● WHAT YOU ARE ASKED TO DO
Please transcribe only the lines from the one holding "Holger Rune poses" through the final line of the data, both included, with no pictures.

● STORED DATA
^^^^

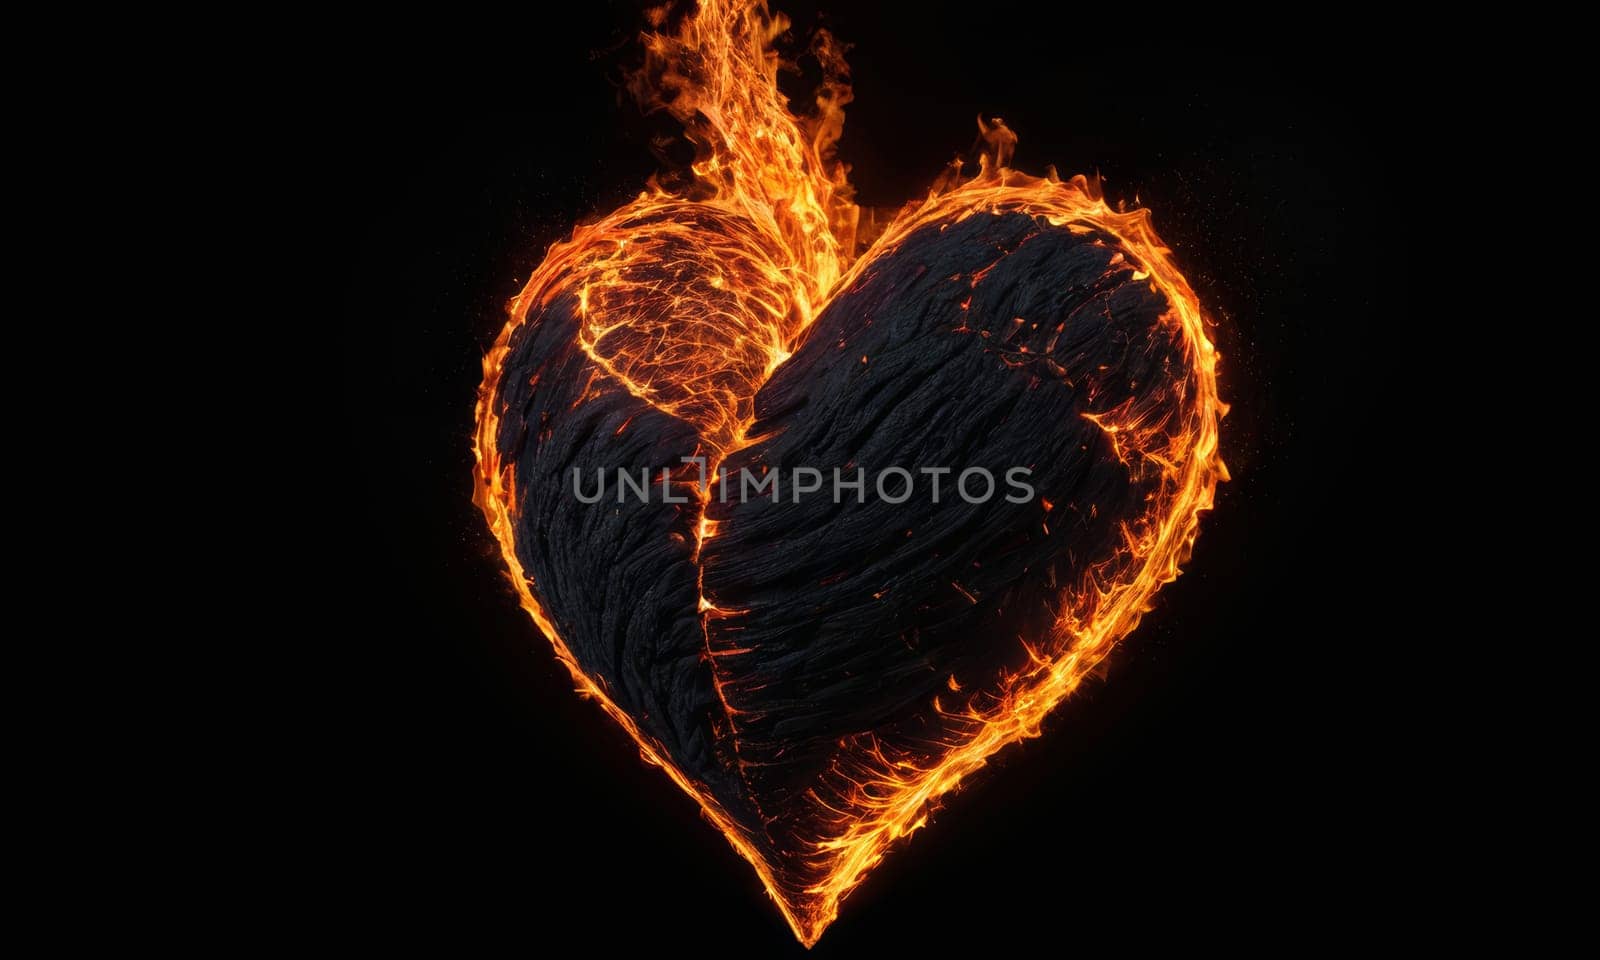 A heart ablaze with intense flames symbolizes passionate love. The dark backdrop accentuates the glowing embers and intricate details of the fiery heart. Ideal for expressing deep affection or romantic sentiments.
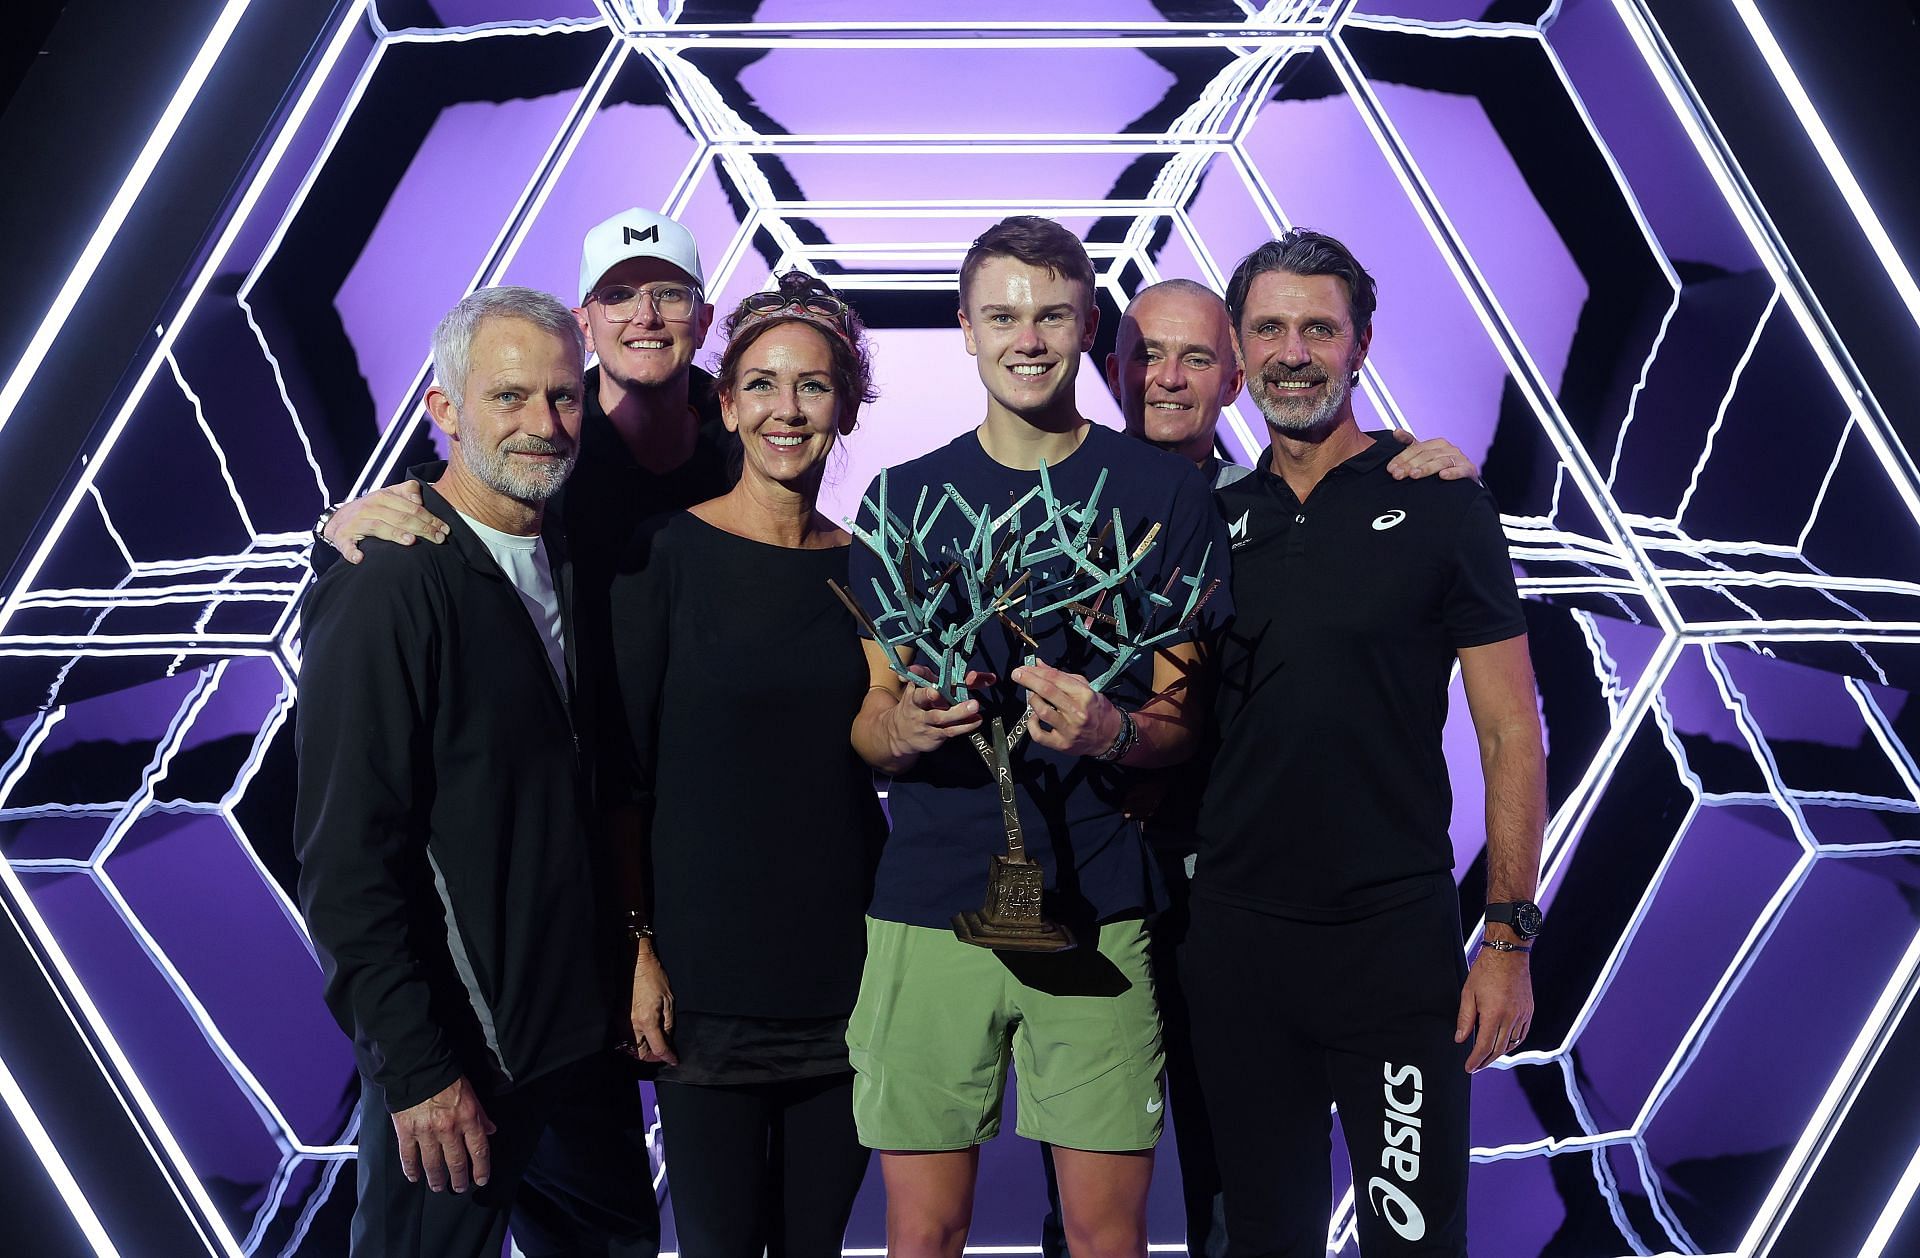 Holger Rune poses with his team after clinching the Paris Masters
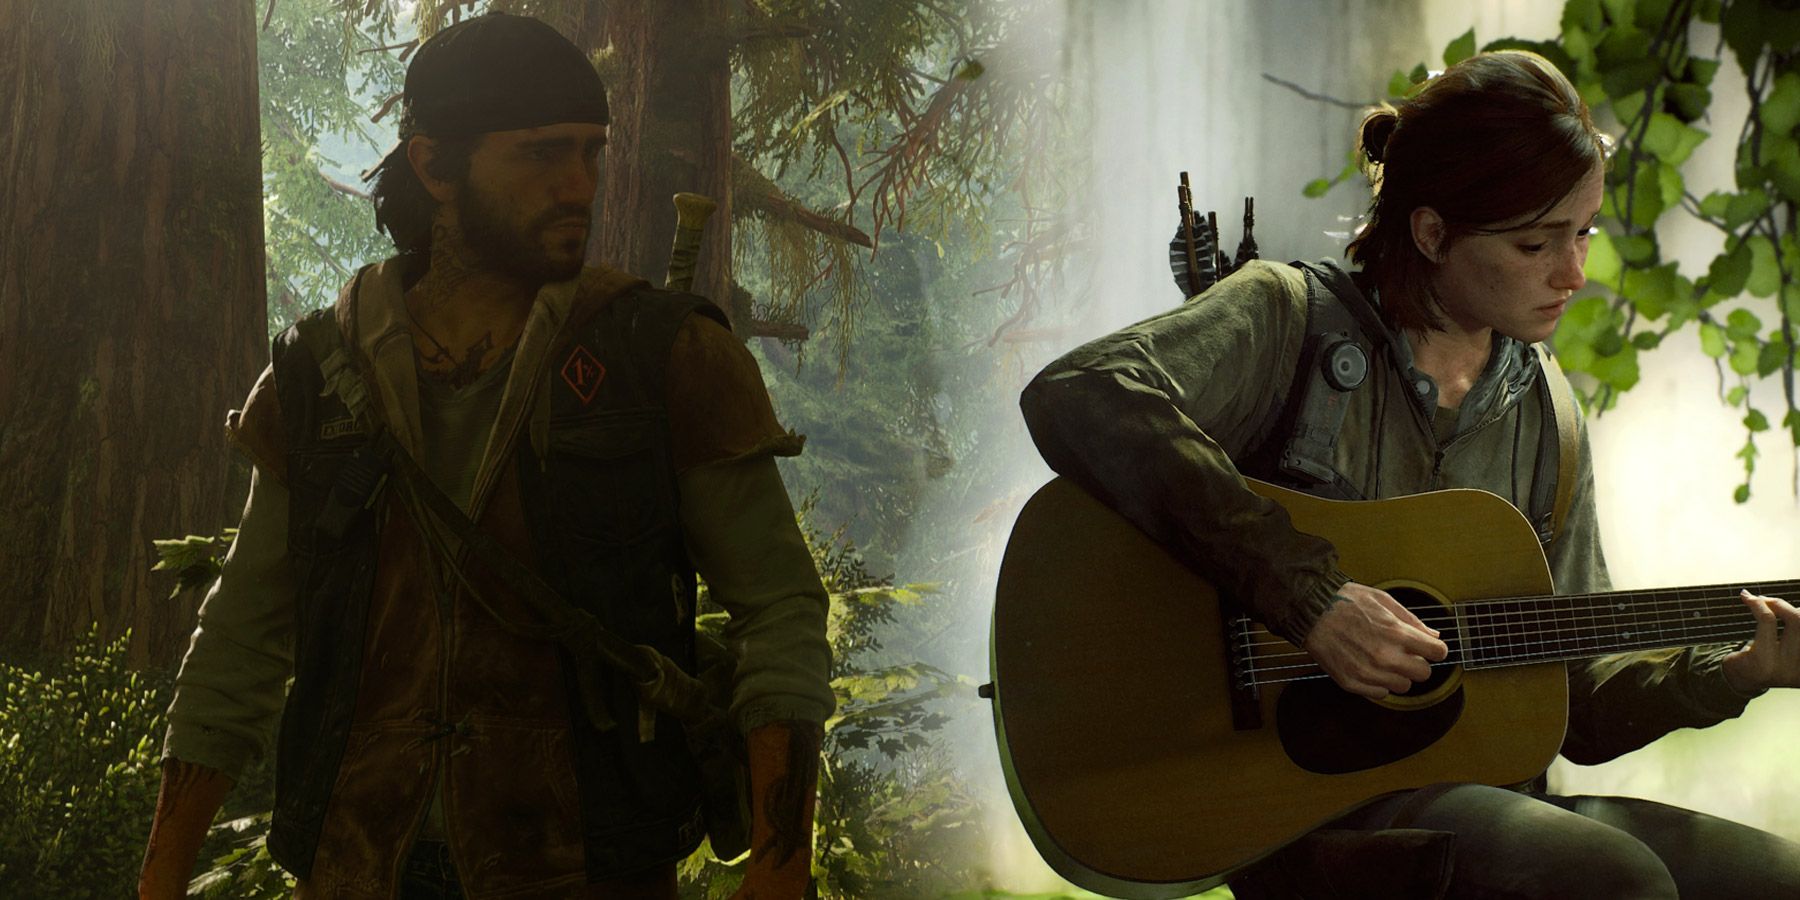 Naughty Dog S The Last Of Us Multiplayer Game Could Take Inspiration From Days Gone S Camps
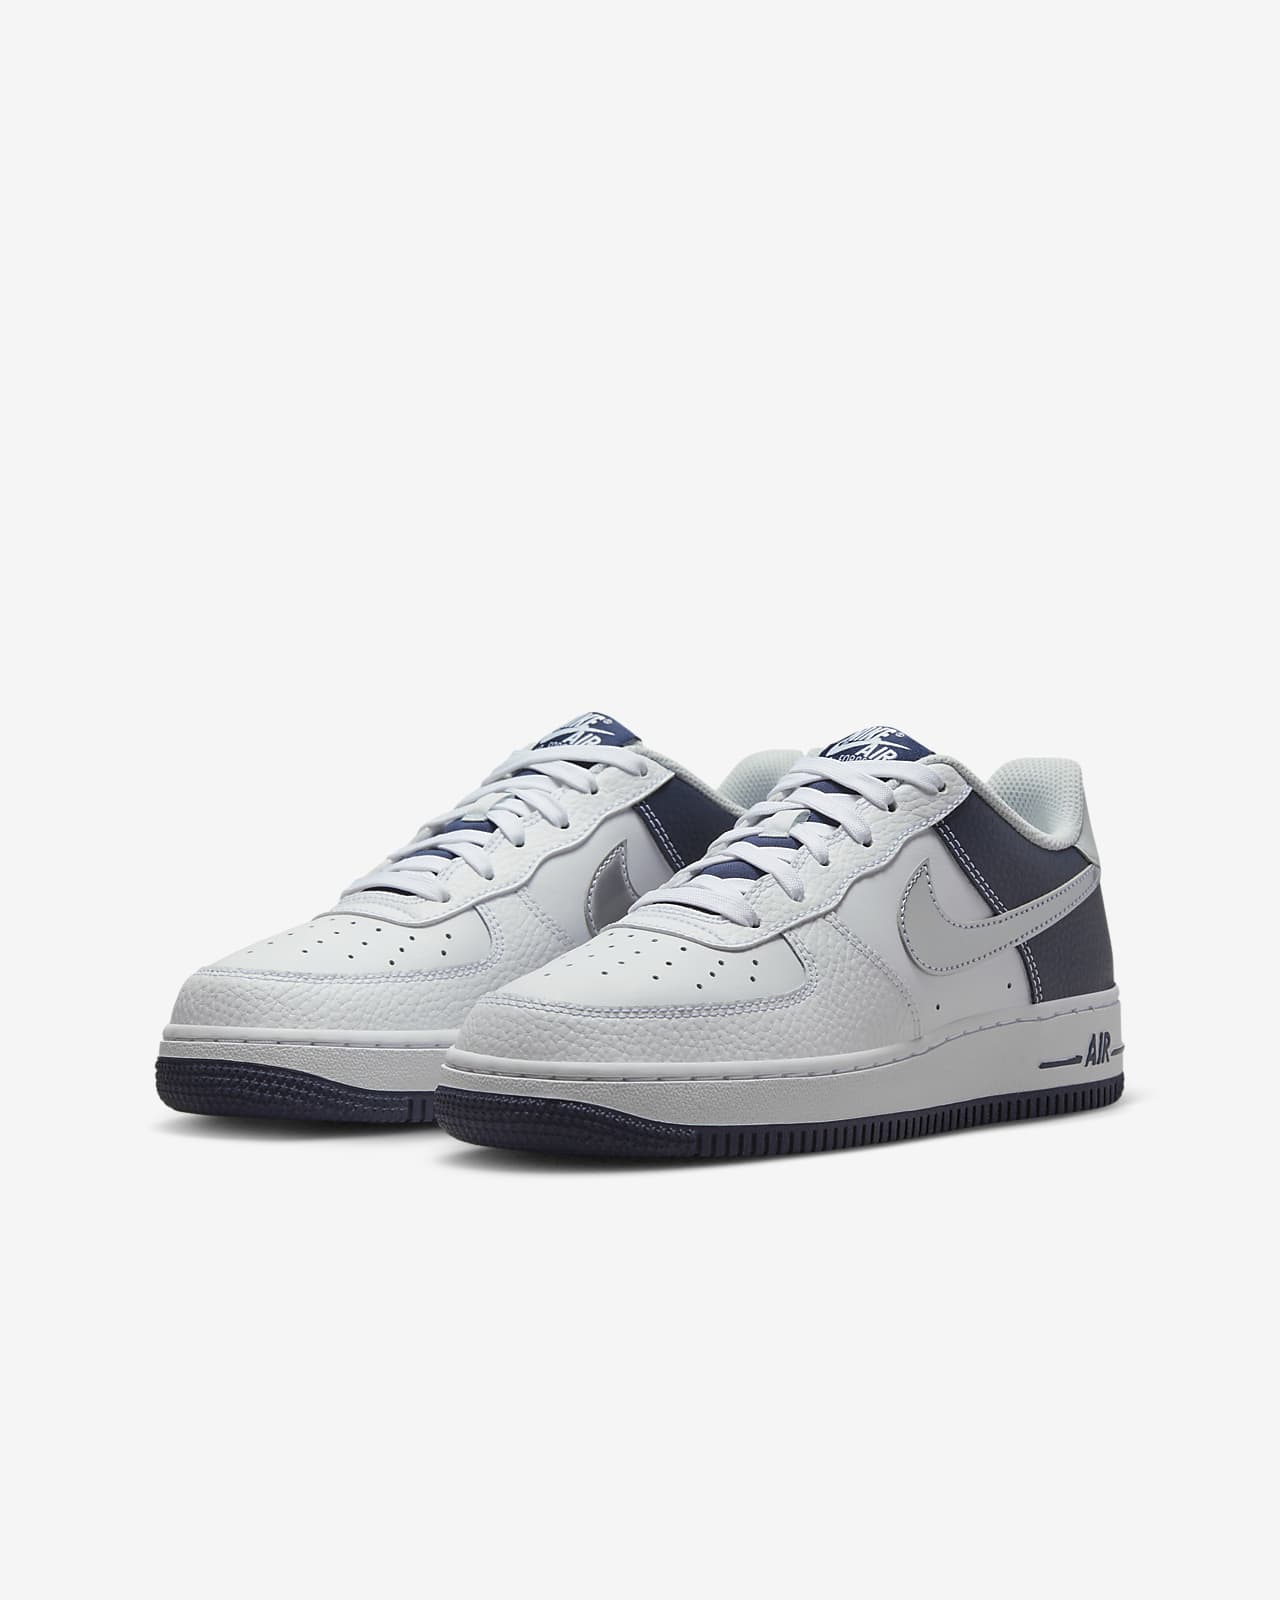 Nike Force 1 LV8 1 Younger Kids' Shoes. Nike ID

^^^^

● TASK RESULT
 Holger Rune poses with his team after clinching the Paris Masters
 Naughty Dog S The Last Of Us Multiplayer Game Could Take Inspiration From Days Gone S Camps
 Nike Force 1 LV8 1 Younger Kids' Shoes. Nike ID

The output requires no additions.